Closed jasperzhong closed 1 year ago
Heterogeneous network representataion learning: 无论何种类型的type of node,最后都是一个同样长度的node embedding. $\mathbf{X} \in \mathbb{R}^{|V| \times d}$.
之前的DeepWalk提出了如何在homogeneous图上进行node embedding学习,是进行random walk,然后将生成的walks送到skip-gram model里面学习.
metapath2vec也是一样的,只不过是必须沿着metapath去走. 由于很多metapath首尾的node type是一样的,所以其实是可以走很远的.
metapath2vec++是仿照之前word2vec提出了negative sampling,
实验给的这个node embedding visualization挺impressive.
metapath2vec的sampling方法就是random walk,对于一个node v,从v出发,只能沿着metapath走, 每次选择的邻居的概率都相等,走给定步数,得到一个walk序列.

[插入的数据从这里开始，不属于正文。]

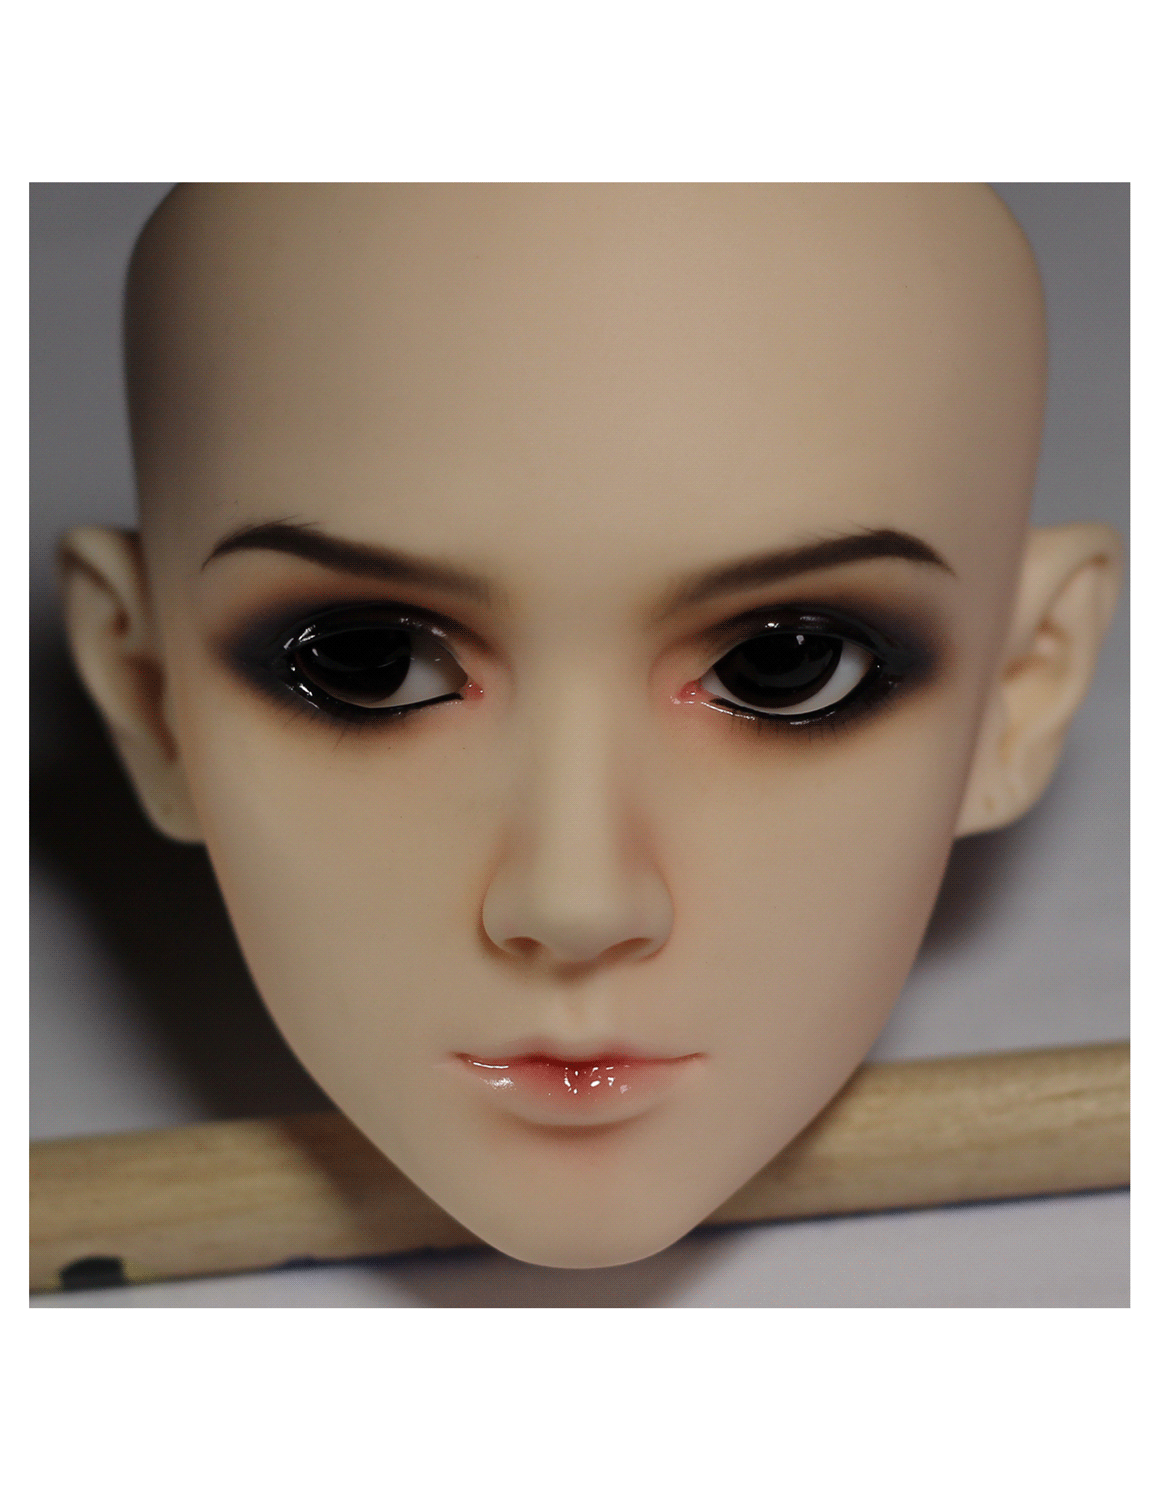 bjd ABJD doll Asian doll japan ball jointed doll faceup repaint restoration
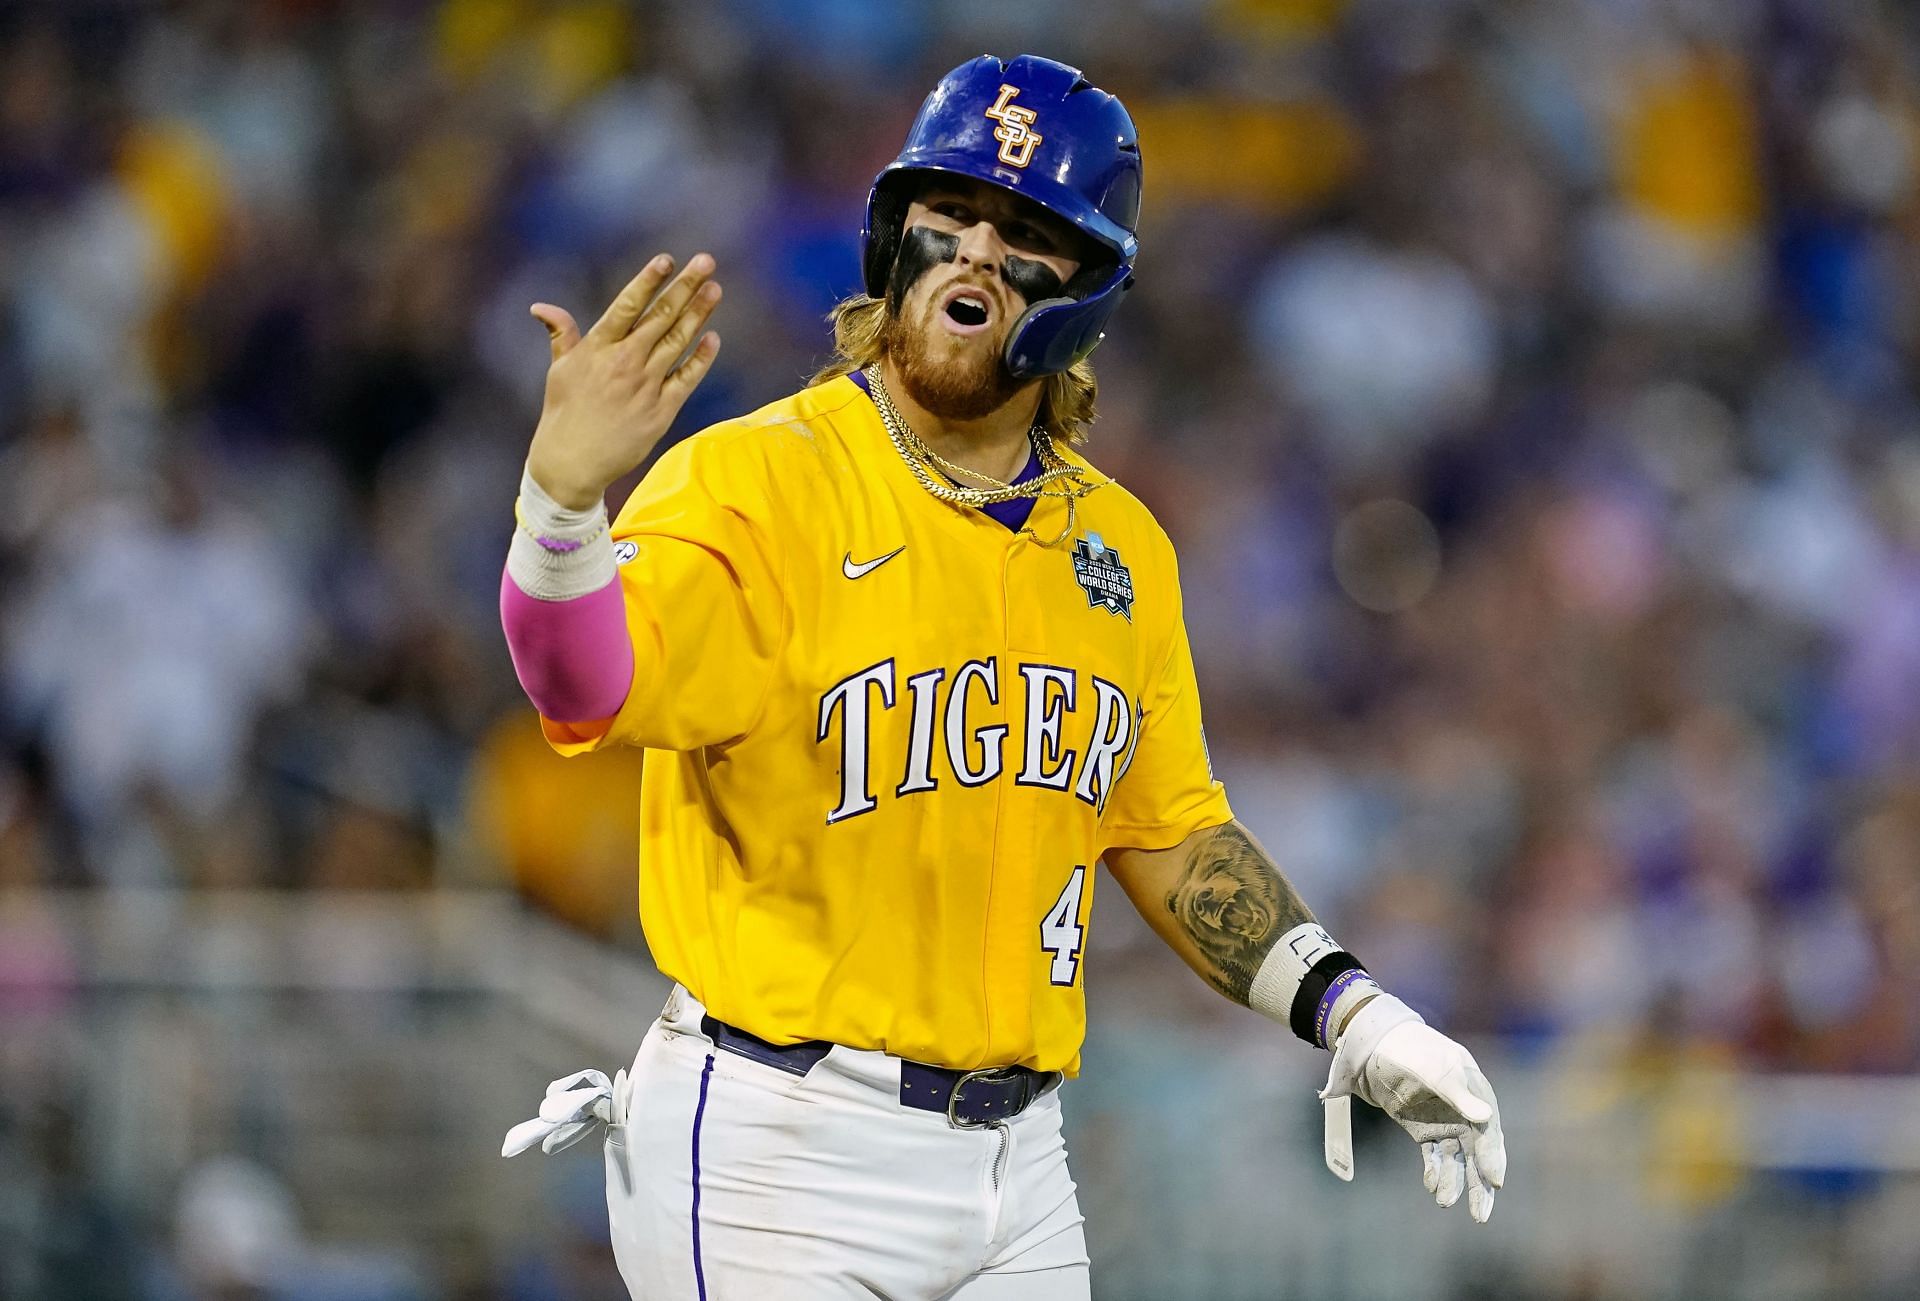 Tommy White #47 of the LSU Tigers gestures to the dugout after being intentionally walked during the College World Series.

DGL的metapath2vec实现: 使用dgl.sampling.random_walk,可以指定metapath. 每个node有num_walks_per_node个walks,然后每个walk有walk_length这么长. https://github.com/dmlc/dgl/blob/master/examples/pytorch/metapath2vec/sampler.py#L98
metapath是一个list of str, str是异构图的link名字.
hg = dgl.heterograph(
{
("paper", "pa", "author"): (paper_author_src, paper_author_dst),
("author", "ap", "paper"): (paper_author_dst, paper_author_src),
("paper", "pc", "conf"): (paper_conf_src, paper_conf_dst),
("conf", "cp", "paper"): (paper_conf_dst, paper_conf_src),
}
)
for conf_idx in tqdm.trange(hg.num_nodes("conf")):
traces, _ = dgl.sampling.random_walk(
hg,
[conf_idx] * num_walks_per_node,
metapath=["cp", "pa", "ap", "pc"] * walk_length,
)
https://dl.acm.org/doi/pdf/10.1145/3097983.3098036